# Step 4: Column Homogeneity Checks

This notebook evaluates whether key columns in our dataset are **homogeneous** — meaning they contain values of a consistent type and meaning. This is part of our Step 4 Capstone requirement.

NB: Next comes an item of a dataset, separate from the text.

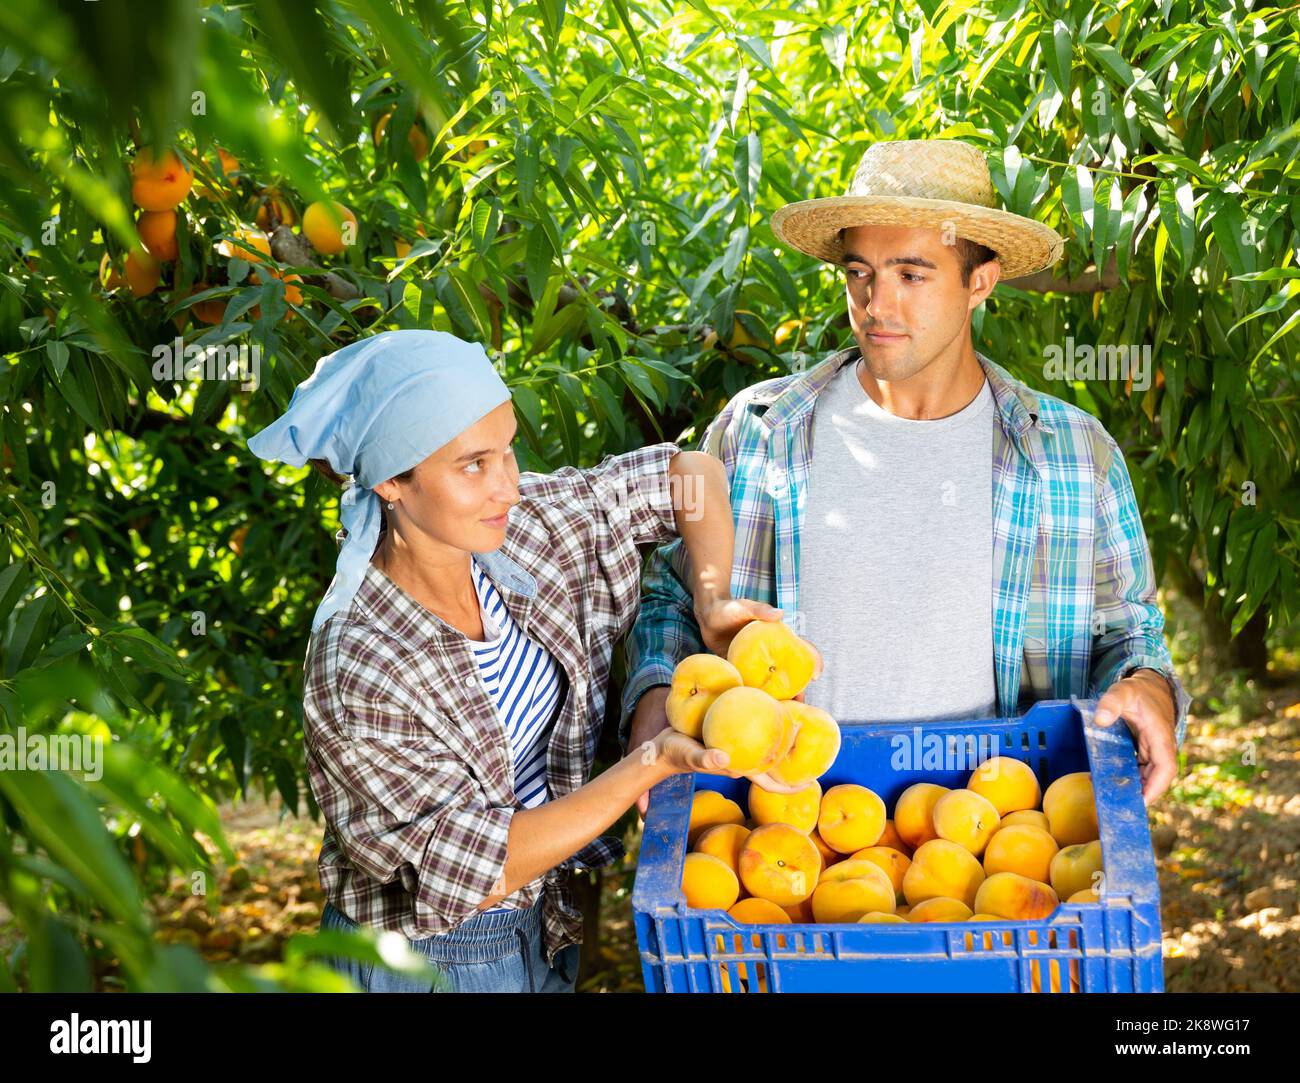 Woman farmer with male partner harvesting ripe peaches in fruit garden, putting in boxes Stock Photo

We'll use a small, representative sample of fields from different MusicBrainz tables. These fields include UUIDs, categories, dates, free-text, and numeric fields.


## 💡 How to Run This Notebook
- Make sure your PostgreSQL service is running and contains the imported MusicBrainz tables.
- Update the `connection_string` below with your actual DB username and password.
- Then run each cell from top to bottom using **Shift+Enter**.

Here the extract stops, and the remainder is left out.